I still love Elizabeth in that sense, and I grieve her passing precisely because people aren’t interchangeable. What was lost from the world can never be replaced by someone else. But that sort of love is not exclusive, and I can also love someone new in the committed, delighting service sense without diminishing it. Such love simply acknowledges that the two people are not one.

Does this mean you aren’t grieving for your first wife anymore?

Of course not.

Look, I’m not going to dwell here because it is part of a much larger discussion about grief and I already wrote a book trying to process that topic. And because the question stings. But I will say this: sorrow and joy are not mutually exclusive emotions. Feeling one doesn’t mean you don’t also experience the other. I still miss Elizabeth and think of her often. My kids and I discuss her almost daily. That doesn’t keep me from loving and rejoicing in the next season with someone new.

Practically, what are the challenges of remarriage?

I don’t know that I’m all that qualified to speak to this one, since I’m just starting out on the journey. I’ll let you know in a few years, once I’ve made a bunch of mistakes and had the chance to learn from them.

That said, I will say one thing more generally about falling in love after loss. I have always viewed a healthy dynamic as resting on two commitments. One is that we will never ask the other person to hide their pasts. Ways we have been hurt, things that have been beautiful: they are a part of us in ways that ought not be threatening. The other commitment is that we will seek to not let that past define our future. We are the people who our stories created, but this is a new chapter we are living together. After death comes resurrection, in a cosmic sense, but also within the pages of a story being written by a God whose mercies are new every morning. So we are trying to live into that.

How do you think things will look after the resurrection, when you are reunited with both of your wives?

As mentioned earlier, marriage is an estate only for this age (Matthew 22:29-30, Romans 7:1-2). Neither Elizabeth nor Leah will be my wife in heaven; we will all be united with Jesus as our true and perfect lover. 

Of course, we will still have relationships with those we loved in this age, but that is something radically changed by the simple reality of eternity. Over the billion billion years that are but the first pages of the story of forever, our relationship with every human being will grow to a level of intimacy we can’t begin to imagine in this age.
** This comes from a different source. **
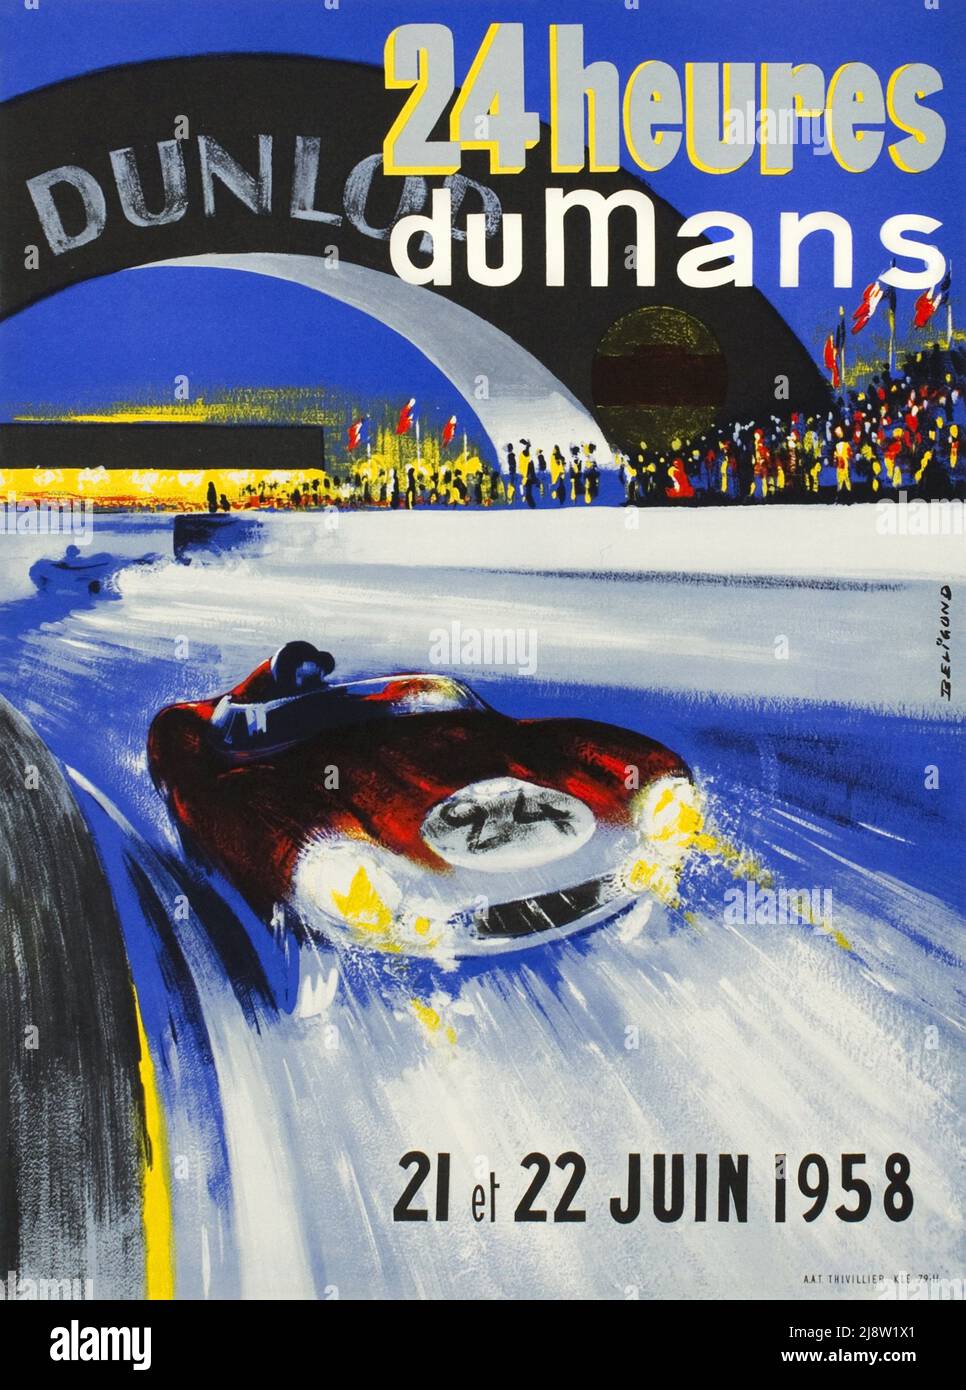 Vintage 1950s Race Poster - 24 Hours of Le Mans -1958 Stock Photo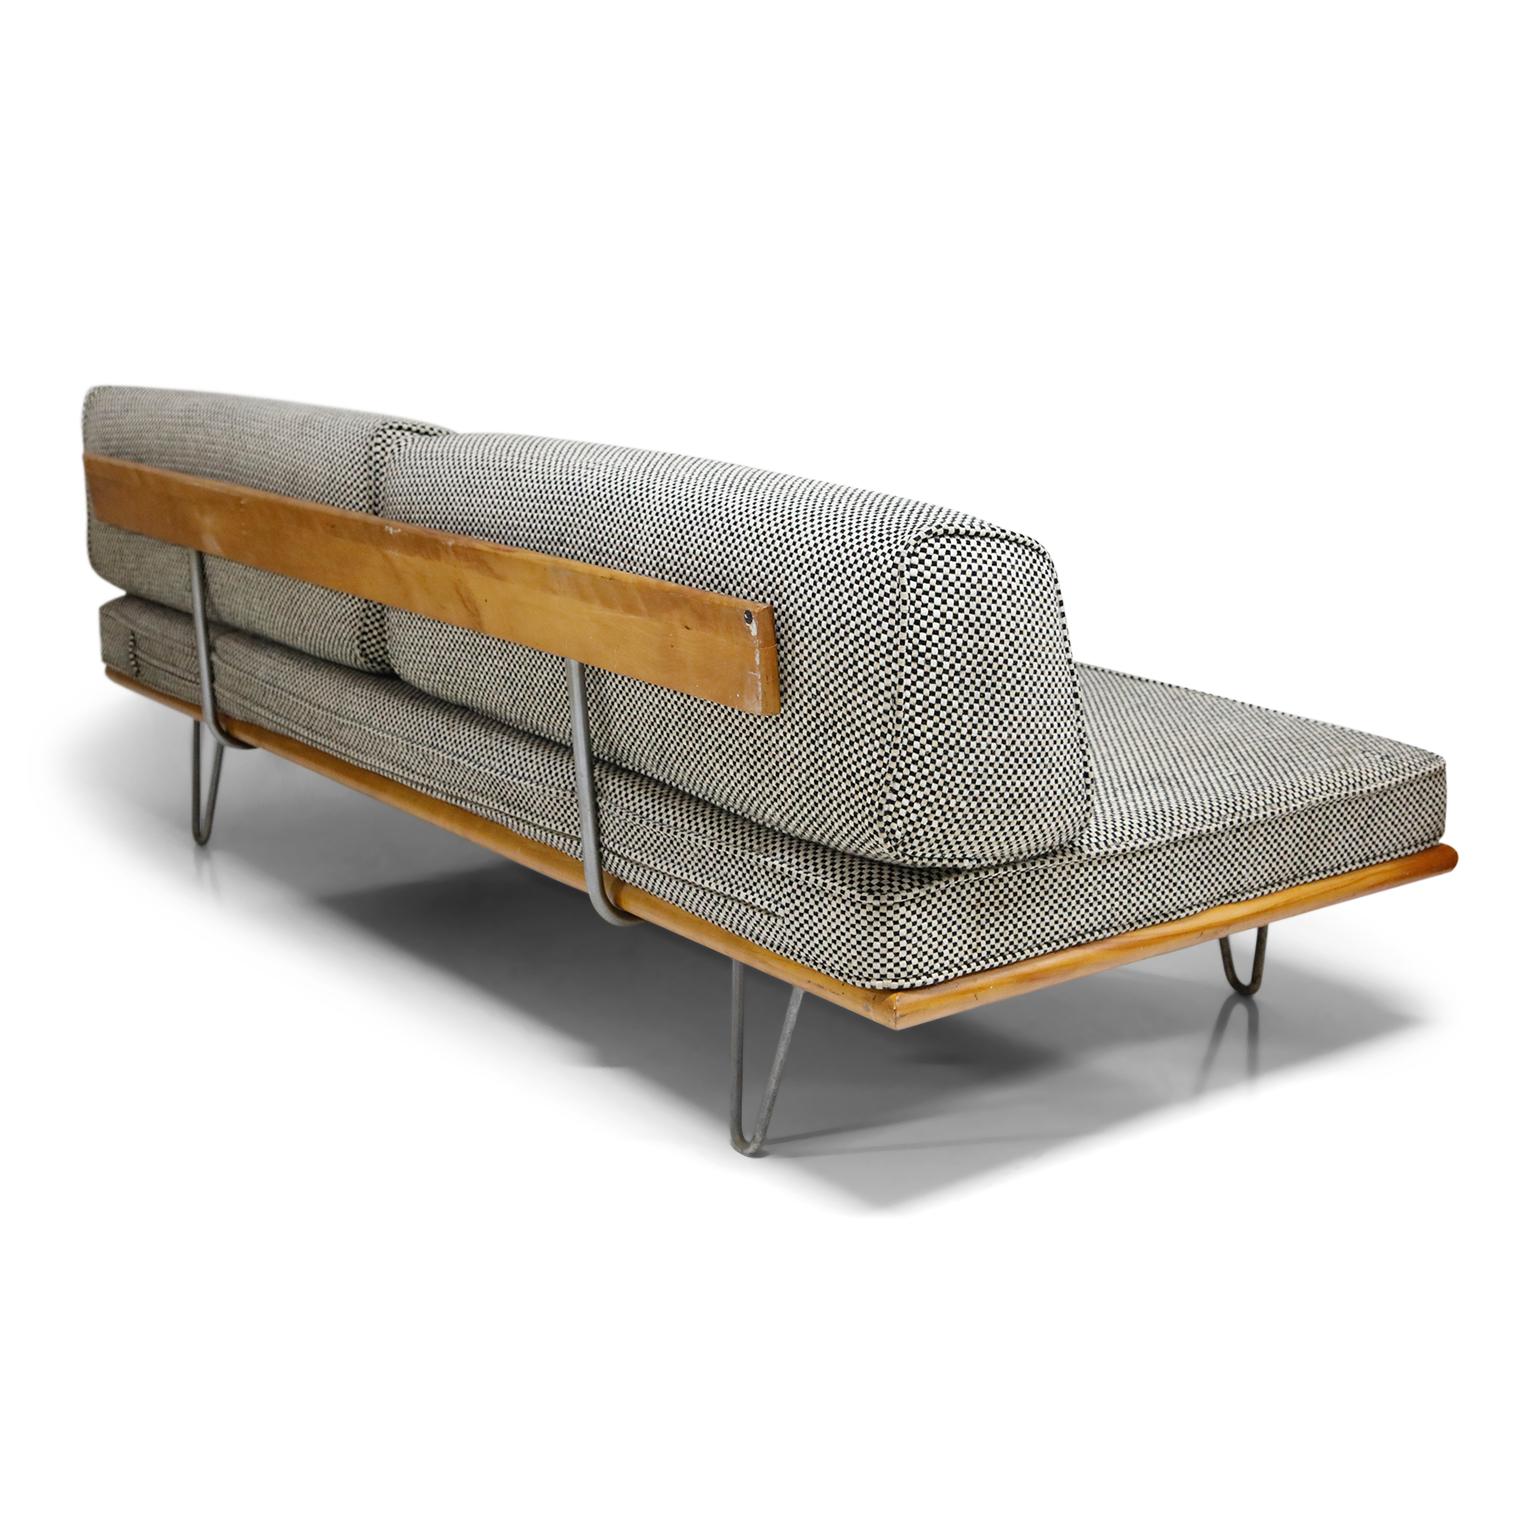 This incredible highly collectible Mid-Century Modern convertible daybed sofa was designed by George Nelson and manufactured by Herman Miller, circa 1950s. Ingenious design allows this to be used as a sofa and then when needed, removing the back

As I’m fond of pointing out, in that billion billion years, even if there are (say) a hundred billion people in the new creation, we will have had ten million years to get to know each one of them.

Even more than that, those relationships will be totally untouched by sin, which is something we cannot really begin to grasp. The whole reason for the question of how we’ll relate is that we subconsciously assume the deep ways sin has wormed into our hearts. In the age to come there will be not even a hint of insecurity, of jealousy, of selfishness, of feeling threatened or uncertain of ourselves. We will each have full confidence in our God-given beauty and dignity while also perfectly treasuring the God-given beauty and dignity of everyone else. In such a world, the reasons we might worry about those relationships all melt away because what they assume will have become unthinkable. If anything, such reflections should reveal just how much our hearts still need to be remade.

But practically (this is what I told my kids when they asked the question), I suspect Elizabeth and Leah will be friends. They will laugh together at what an exasperating husband I was back in this mirror-dimmed age when the pale reflection that is human marriage was the greatest love most of us could imagine. And then we will all turn our faces and bask in the radiant love of our Creator and live endless lives of meaning and glory with each other and our children and parents and grandchildren and grandparents and billions of others from every tribe and tongue and nation who are all together the Bride finally come into her splendor.